EXERCISE REQUIREMENTS:
From the entries, filter out every line that lacks "Bild" and copy the rest.

RECORDS SUPPLIED:
Segment Open

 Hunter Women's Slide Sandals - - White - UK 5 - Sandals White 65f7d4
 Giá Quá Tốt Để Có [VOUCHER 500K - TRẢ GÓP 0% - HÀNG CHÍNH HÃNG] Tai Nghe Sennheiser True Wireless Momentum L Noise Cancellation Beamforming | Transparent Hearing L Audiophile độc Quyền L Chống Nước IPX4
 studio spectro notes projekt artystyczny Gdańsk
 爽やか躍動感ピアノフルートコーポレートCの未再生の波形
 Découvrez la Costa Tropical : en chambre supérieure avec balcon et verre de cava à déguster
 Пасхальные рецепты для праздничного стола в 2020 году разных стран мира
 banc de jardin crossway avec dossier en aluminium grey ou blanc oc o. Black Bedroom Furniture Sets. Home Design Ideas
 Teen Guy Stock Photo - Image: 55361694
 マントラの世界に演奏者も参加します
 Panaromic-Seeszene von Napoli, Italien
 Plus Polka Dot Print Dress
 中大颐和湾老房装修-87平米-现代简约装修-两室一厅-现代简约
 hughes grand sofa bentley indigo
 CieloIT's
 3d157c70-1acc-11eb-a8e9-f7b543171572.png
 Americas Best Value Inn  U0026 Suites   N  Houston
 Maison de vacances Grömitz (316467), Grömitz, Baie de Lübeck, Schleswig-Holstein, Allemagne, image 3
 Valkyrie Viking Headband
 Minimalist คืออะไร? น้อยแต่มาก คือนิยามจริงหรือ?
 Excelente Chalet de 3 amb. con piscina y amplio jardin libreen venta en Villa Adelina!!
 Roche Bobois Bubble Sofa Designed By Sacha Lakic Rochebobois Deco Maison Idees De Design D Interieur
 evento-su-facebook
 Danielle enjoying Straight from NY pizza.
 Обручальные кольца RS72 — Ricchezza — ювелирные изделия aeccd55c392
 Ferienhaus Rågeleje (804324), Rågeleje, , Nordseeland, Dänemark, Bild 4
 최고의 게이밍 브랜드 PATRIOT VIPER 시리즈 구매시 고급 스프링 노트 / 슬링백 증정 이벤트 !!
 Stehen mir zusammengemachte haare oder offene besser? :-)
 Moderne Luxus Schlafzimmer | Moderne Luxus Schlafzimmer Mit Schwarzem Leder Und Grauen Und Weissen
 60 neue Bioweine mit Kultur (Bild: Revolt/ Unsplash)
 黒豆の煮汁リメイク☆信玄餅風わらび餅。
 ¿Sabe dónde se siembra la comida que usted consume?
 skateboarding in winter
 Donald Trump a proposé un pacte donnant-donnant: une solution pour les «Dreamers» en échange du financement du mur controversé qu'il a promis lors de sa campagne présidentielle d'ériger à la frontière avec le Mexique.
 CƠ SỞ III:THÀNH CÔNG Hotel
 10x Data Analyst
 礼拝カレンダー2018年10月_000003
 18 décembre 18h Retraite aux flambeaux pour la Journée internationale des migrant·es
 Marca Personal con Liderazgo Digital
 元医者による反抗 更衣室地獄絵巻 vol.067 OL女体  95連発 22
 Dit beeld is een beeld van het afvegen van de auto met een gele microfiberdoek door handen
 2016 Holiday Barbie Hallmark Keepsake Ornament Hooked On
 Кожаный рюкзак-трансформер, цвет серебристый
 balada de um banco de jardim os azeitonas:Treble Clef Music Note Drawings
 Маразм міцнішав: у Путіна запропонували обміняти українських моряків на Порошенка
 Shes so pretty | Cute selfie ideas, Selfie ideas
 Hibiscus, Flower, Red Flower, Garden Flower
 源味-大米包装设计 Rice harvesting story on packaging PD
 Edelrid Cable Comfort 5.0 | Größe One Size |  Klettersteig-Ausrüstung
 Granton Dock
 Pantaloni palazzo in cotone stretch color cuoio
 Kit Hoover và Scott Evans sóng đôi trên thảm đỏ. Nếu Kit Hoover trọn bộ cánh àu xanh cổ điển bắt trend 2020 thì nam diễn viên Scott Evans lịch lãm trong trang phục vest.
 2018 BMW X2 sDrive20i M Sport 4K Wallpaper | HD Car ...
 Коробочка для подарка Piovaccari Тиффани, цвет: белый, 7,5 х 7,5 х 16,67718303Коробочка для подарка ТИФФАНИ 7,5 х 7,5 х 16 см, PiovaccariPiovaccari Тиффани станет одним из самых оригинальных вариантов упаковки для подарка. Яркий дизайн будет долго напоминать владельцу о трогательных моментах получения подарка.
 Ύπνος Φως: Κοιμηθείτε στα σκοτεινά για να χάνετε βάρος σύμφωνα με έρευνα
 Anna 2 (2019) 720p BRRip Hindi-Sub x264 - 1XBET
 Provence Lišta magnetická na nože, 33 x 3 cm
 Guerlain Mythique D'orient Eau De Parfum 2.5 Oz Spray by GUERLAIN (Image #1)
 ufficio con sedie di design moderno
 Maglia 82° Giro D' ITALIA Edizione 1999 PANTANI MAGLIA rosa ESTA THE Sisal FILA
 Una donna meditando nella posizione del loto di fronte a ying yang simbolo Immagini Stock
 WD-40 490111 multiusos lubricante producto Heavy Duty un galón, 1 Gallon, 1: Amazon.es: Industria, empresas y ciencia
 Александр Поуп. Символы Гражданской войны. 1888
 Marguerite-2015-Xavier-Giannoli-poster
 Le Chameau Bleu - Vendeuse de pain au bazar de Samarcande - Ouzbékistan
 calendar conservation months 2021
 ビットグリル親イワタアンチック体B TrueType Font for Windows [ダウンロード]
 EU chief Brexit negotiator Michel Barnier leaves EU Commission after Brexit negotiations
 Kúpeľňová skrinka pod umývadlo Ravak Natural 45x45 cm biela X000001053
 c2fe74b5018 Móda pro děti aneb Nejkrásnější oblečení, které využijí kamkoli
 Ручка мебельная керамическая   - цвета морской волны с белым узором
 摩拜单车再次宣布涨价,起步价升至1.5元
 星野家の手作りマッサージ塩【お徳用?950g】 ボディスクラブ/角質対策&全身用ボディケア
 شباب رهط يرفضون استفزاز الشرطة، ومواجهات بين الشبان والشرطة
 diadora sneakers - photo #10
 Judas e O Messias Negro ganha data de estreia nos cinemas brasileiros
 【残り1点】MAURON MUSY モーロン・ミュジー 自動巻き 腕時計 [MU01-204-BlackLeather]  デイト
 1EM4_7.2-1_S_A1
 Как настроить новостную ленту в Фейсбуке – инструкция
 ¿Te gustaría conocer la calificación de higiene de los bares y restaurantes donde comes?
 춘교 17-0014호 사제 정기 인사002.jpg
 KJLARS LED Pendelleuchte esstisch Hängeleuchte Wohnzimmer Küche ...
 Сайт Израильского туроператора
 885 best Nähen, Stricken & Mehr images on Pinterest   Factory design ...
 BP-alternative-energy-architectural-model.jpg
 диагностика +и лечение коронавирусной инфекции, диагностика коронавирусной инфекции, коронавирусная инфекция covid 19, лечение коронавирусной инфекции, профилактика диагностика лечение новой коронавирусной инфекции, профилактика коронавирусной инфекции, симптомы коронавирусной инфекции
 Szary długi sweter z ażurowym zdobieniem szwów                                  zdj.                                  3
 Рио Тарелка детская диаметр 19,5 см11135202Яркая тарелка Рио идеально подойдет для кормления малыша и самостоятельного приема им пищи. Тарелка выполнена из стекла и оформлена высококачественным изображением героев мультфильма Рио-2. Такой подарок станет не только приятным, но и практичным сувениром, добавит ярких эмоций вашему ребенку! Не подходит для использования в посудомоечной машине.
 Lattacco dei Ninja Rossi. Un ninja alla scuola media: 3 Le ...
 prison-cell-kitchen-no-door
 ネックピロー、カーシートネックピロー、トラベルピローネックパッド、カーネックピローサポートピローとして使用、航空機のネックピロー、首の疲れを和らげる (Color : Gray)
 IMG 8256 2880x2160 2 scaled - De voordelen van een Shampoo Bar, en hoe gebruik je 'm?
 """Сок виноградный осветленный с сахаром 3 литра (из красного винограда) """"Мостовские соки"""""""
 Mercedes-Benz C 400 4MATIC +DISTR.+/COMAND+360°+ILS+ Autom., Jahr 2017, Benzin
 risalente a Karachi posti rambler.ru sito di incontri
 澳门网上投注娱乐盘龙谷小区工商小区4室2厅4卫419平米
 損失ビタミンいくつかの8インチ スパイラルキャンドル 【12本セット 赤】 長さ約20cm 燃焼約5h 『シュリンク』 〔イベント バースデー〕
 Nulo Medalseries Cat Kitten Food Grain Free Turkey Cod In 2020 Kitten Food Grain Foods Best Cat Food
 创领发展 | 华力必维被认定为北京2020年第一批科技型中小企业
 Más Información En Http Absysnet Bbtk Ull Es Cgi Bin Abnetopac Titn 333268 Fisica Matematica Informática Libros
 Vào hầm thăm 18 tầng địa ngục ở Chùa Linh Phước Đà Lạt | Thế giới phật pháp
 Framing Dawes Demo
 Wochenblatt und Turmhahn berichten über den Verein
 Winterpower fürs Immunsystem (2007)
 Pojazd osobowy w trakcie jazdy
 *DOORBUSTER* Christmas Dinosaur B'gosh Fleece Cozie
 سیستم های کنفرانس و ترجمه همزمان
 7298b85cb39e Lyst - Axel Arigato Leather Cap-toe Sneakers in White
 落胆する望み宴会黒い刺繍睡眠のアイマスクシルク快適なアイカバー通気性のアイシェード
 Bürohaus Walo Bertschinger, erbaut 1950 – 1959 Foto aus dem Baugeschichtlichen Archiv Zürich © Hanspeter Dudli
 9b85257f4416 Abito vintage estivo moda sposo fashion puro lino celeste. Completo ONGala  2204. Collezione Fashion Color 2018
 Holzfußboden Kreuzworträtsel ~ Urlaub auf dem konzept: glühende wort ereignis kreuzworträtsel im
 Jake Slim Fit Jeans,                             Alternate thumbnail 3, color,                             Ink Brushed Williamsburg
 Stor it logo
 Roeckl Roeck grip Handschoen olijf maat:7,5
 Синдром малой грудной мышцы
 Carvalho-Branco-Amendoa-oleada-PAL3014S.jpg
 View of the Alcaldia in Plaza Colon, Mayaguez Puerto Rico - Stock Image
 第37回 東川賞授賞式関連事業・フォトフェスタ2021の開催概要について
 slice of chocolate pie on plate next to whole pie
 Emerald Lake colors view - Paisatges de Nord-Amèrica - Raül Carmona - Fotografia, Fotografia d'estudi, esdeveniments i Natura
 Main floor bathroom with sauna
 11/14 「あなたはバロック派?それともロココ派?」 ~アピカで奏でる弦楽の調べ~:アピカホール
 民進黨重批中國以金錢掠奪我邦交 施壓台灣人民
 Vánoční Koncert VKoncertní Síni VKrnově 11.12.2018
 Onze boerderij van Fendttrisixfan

Segment Closed

TASK OUTPUT:
 Ferienhaus Rågeleje (804324), Rågeleje, , Nordseeland, Dänemark, Bild 4
 60 neue Bioweine mit Kultur (Bild: Revolt/ Unsplash)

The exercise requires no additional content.